Desde 2004 está en el listado del Patrimonio de la Humanidad el valle de Madriu-Perafita-Claror, en Andorra. El sitio fue ampliado dos años más tarde.

Una superficie de 4.247 hectáreas -el 9 por ciento del pequeño estado- pertenece a esta zona caracterizada por elevadas montañas en torno a un valle glaciar, en el que perviven tradiciones pastoriles y una propiedad comunal que se enraíza en la Edad Media.

En la justificación de su clasificación como Patrimonio Mundial se explica que este es un microcosmos en el que se comprueba cómo los habitantes de esta dura zona mantienen un tradicional aprovechamiento de los recursos, en armonía con el paisaje de montaña, con un sistema de gestión de tierras que subsiste desde hace 700 años.

El valle glacial del Madriu-Perafita-Claror (Andorra la Vella, Encamp, Escaldes-Engordany y Sant Julià de Lòria) es uno de los itinerarios más inhóspitos y sorprendentes de Andorra, en medio de cotas que se elevan hasta los 2.500 metros de altura.
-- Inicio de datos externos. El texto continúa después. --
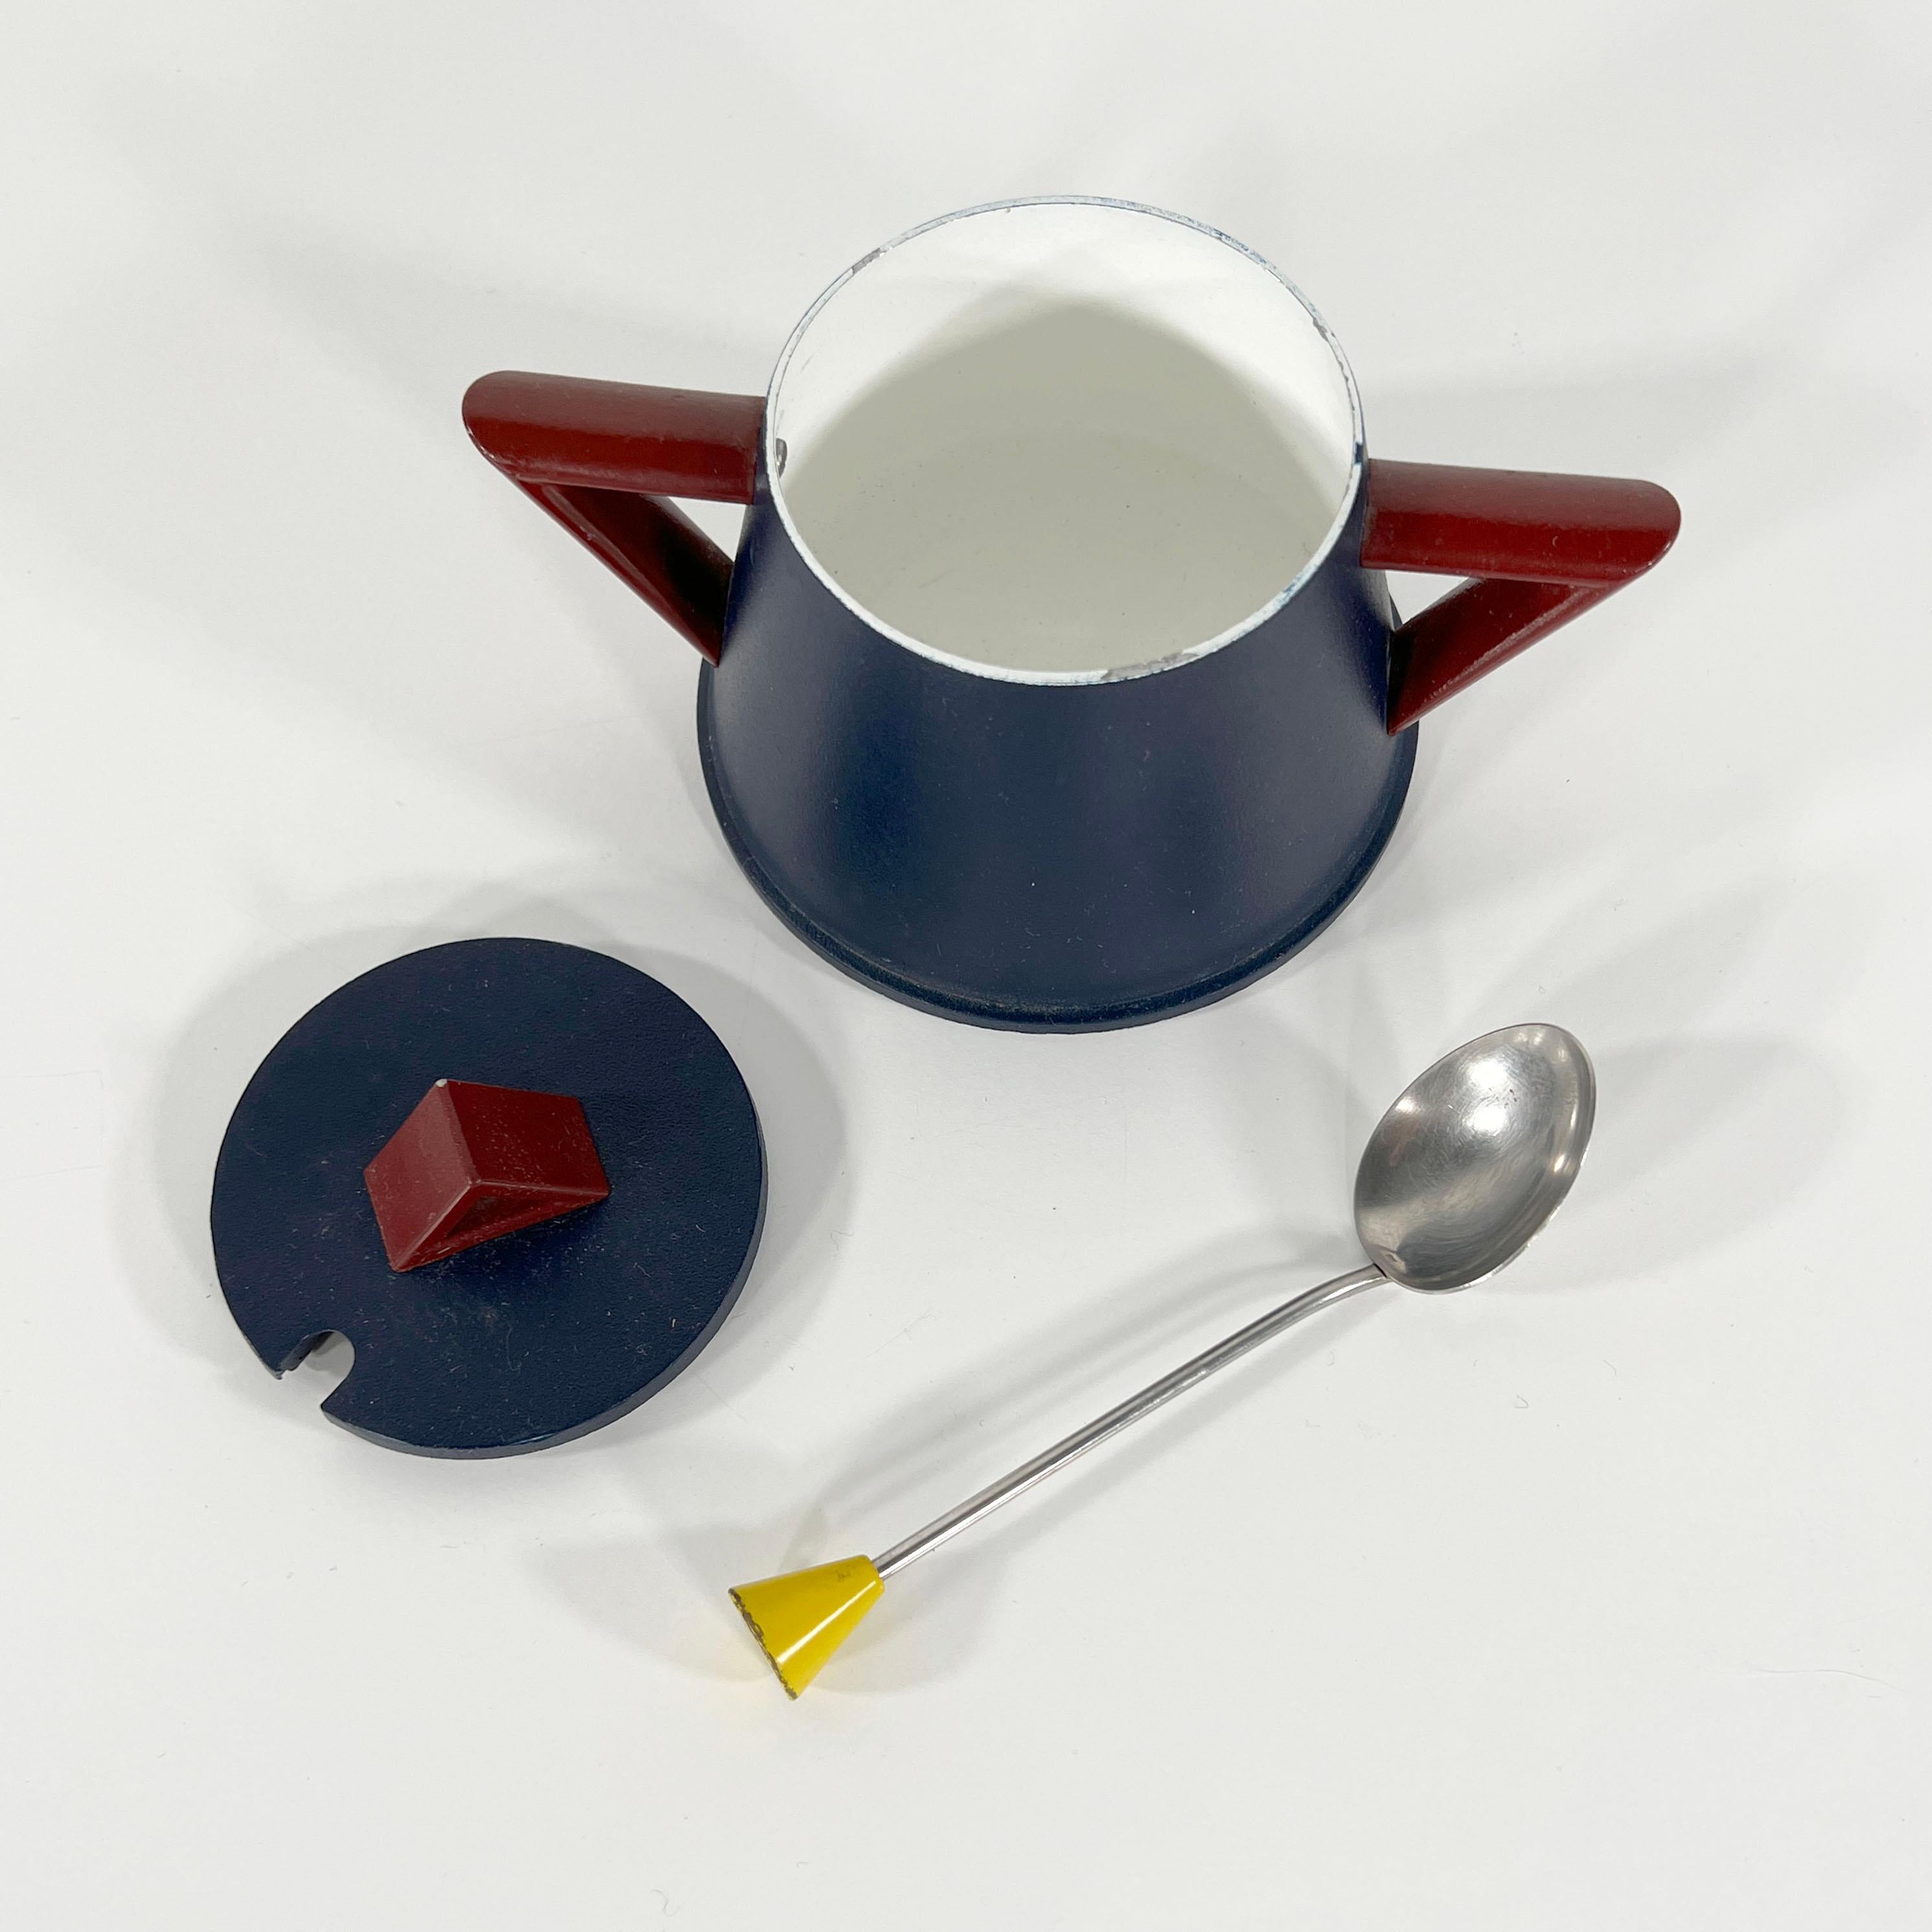 Italian Sugar Bowl 'Accademia' Series by Ettore Sottsass for Lagostina, 1980s

Madriu es una forma que deriva de las palabras "Madre-río" y tiene la clásica forma de "U", por su origen glacial.

Un paisaje de montañas, pequeños lagos, bosques y pasturas se complementa con elementos sencillos de la acción humana, tales como las cabañas de los pastores y los viejos huertos murados.

El pequeño estado de Andorra tiene, aparte de este enclave, otros bellos ámbitos rurales, en los que no suele faltar el atractivo de un arte románico sencillo. En efecto, en los valles del pequeño país están esparcidas 40 iglesias de aquella época medieval. Las más destacadas son la de Santa Coloma (Andorra la Vella, siglos IX y X), Sant Miquel d'Engolasters (Escaldes-Engordany, siglo XII), Sant Climent de Pal (s. XI y XII), Sant Serni de Nagol, etc.